4. Opportunity Costs
If a company has ROT and dark data – whose contents and importance are unknown – it means they aren’t using their data to its fullest potential. This has serious opportunity costs and poses serious risks that need to be mitigated and lost opportunity to analyze and learn from your data.
According to the IDC, organizations leveraging all of their data to the fullest extent can expect to see productivity gains – an estimated $430 billion across the market. Leaving that data in the dark means leaving chances to find new trends and discover new business paths that could lead to higher revenue and competitive advantage.
5. Wasted Hours
Decluttering terabytes of data takes a significant amount of time. Hiring more data managers and analysts may not be the most efficient approach. IDC estimates that a company with a thousand data workers wastes time equivalent to $5.7 million a year trying to find relevant data – ROT makes this task even more difficult. Data analysts should be analyzing data, not scouring through old, redundant, or trivial files. And the problem isn’t limited to data workers. If regular employees make a mistake due to ROT or outdated information, it could further reduce productivity in the workplace or worse.
An Intelligent Solution
Data analysis relies on sophisticated search tools. To uncover the value in data, enterprises need a powerful combination of tools to locate data – wherever it is. Most companies don’t realize their current data search approaches can’t access distributed information and can’t extract dark and ROT information within unstructured documents – severely limiting its data capabilities. Additionally, many tools only find metadata and do not conduct a deep search, often requiring copies of the data to be ingested into proprietary systems before they can even start to comprehend the data. This is simply cost-prohibitive for some.

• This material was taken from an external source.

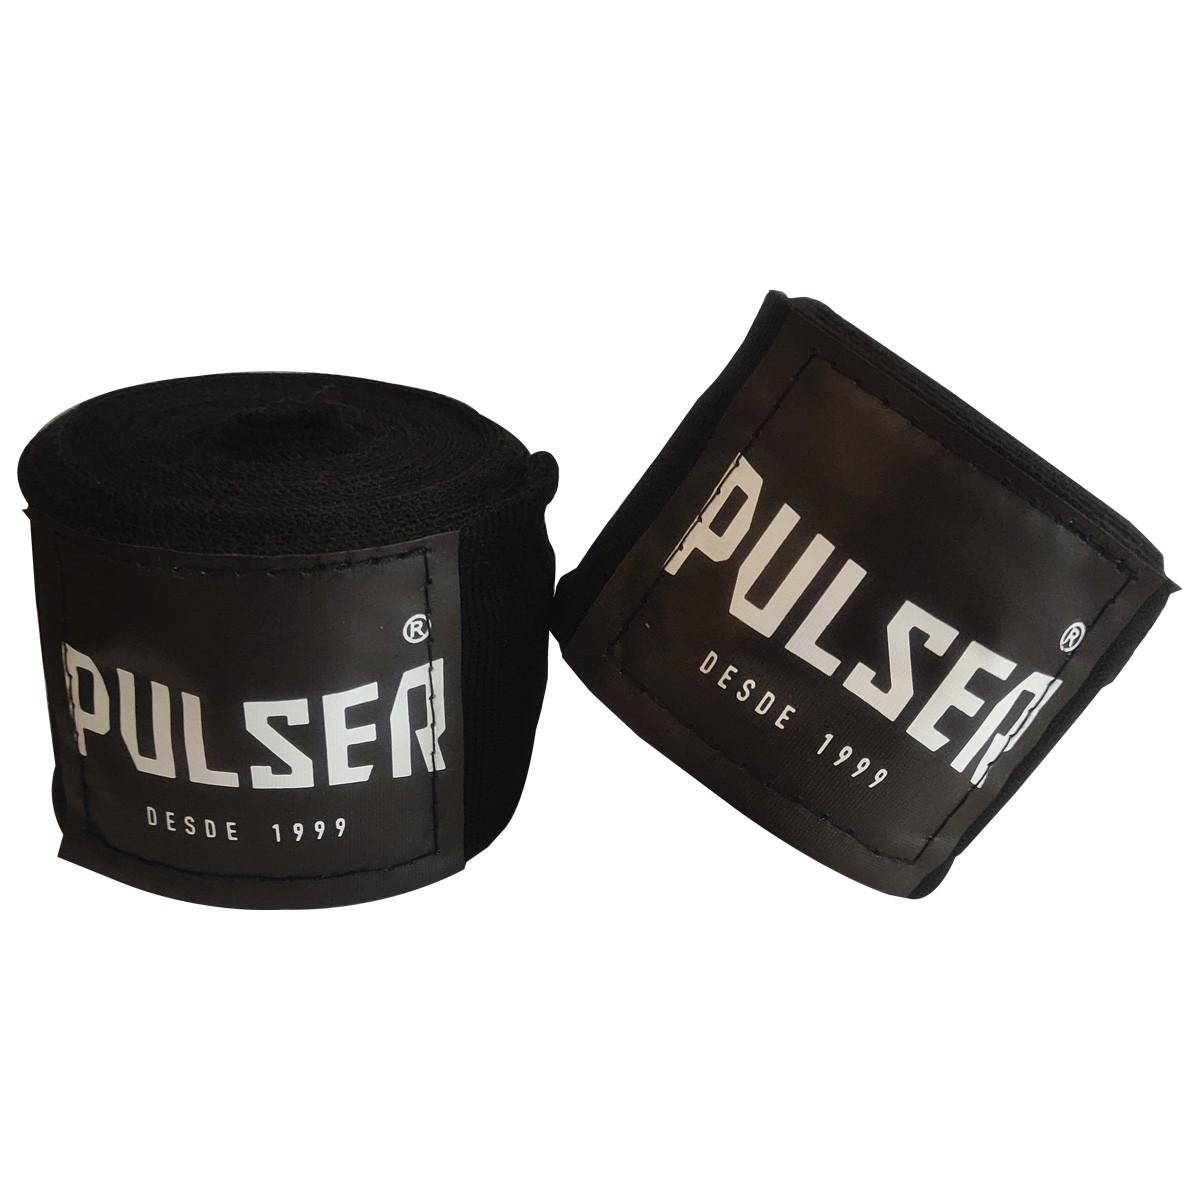 Par De Bandagem Atadura Elástica 3 Metros Muay Thai Boxe - Pulser  - PRALUTA SHOP

An intelligent Data Management platform must allow you to find, move, or delete both ROT and dark data from your business. Tools like these can scan and label data across your entire enterprise, whether your data is stored locally, on servers, at the edge, or in the cloud, and certainly must do this efficiently (i.e., in-place without massive addition of data infrastructure or bypassing security in place).
Once you understand your data, you can analyze and determine which sets of information can be discarded and which should be kept. Conflicts between files can be quickly identified and resolved. What’s more, your employees’ data can be indexed, breaking down data silos and preventing further duplication of ROT data, and more importantly, the data is readily searchable so you can exploit its value. You must understand where your data lives in order to meet your bottom line and stay productive during the lifecycle of your business.